* _Exercise_: In the material below, find the line with "Two showing two" and the line with "UBA Upgrades Chatbot", then output both and every line between them exactly, omitting pictures.

* _Given information_:
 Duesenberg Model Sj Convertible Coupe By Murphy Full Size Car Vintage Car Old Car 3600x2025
==
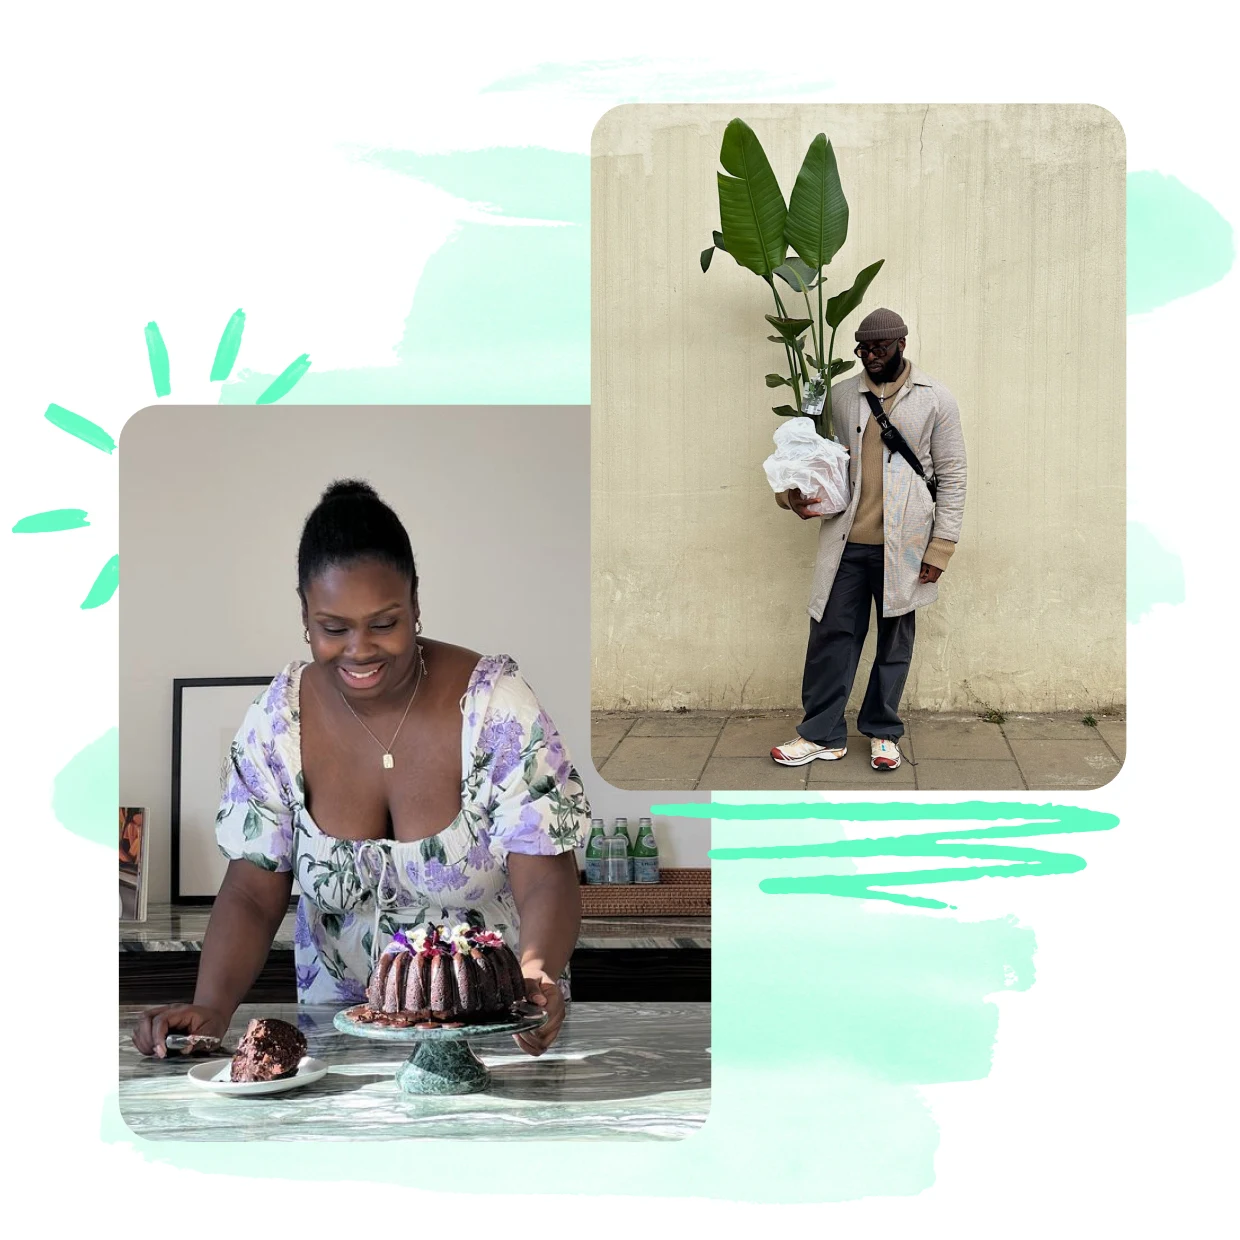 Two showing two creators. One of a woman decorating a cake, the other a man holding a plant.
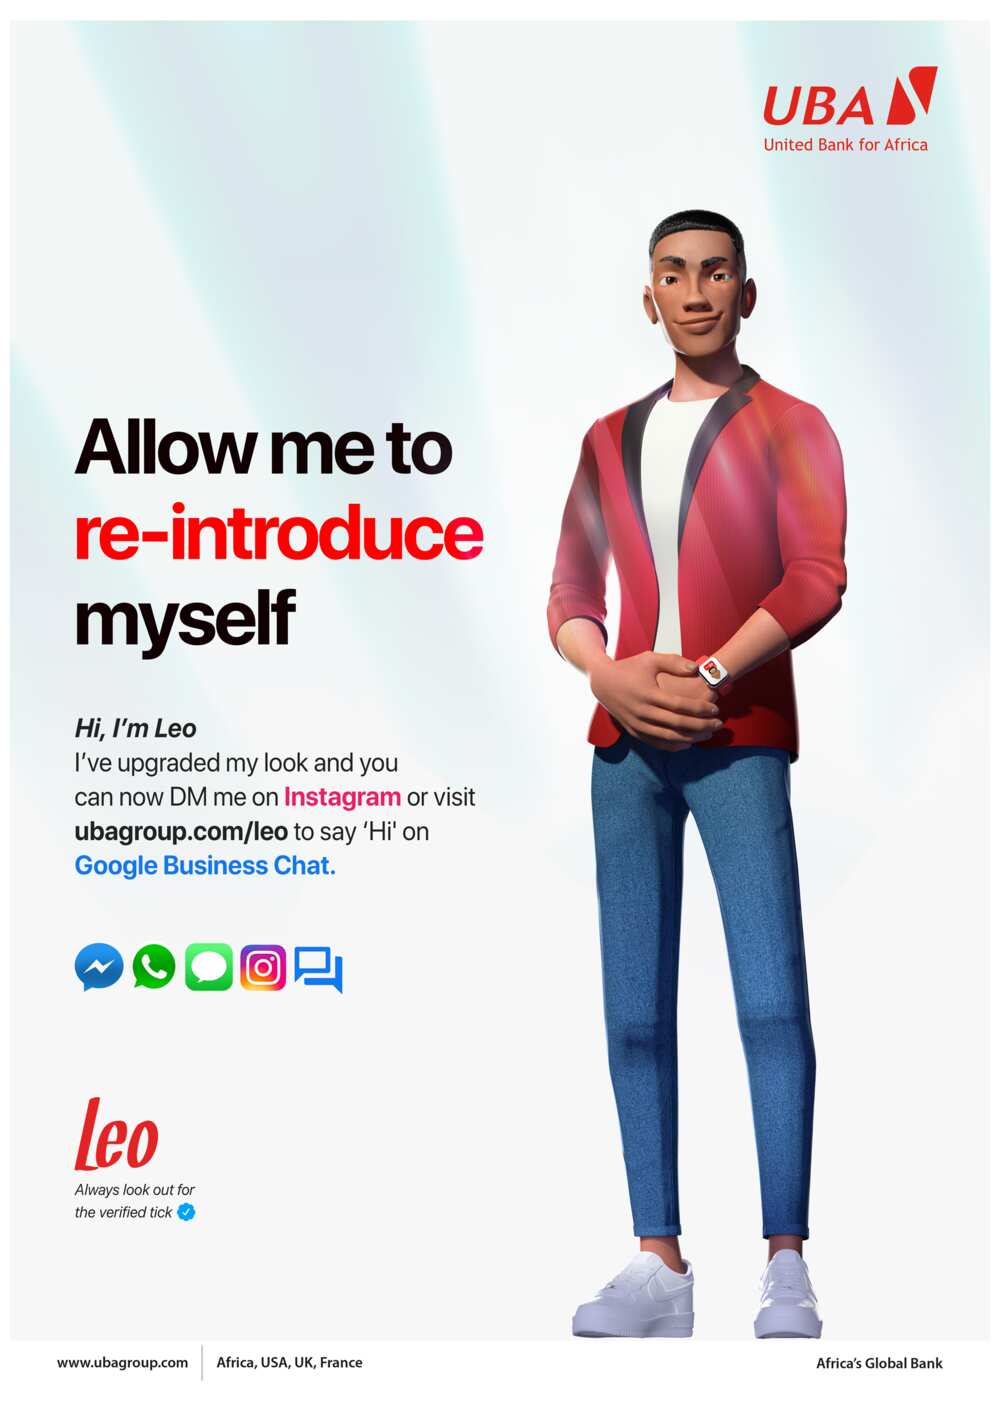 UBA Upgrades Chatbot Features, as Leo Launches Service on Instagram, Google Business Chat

* _Expected answer_:
 Two showing two creators. One of a woman decorating a cake, the other a man holding a plant.
 UBA Upgrades Chatbot Features, as Leo Launches Service on Instagram, Google Business Chat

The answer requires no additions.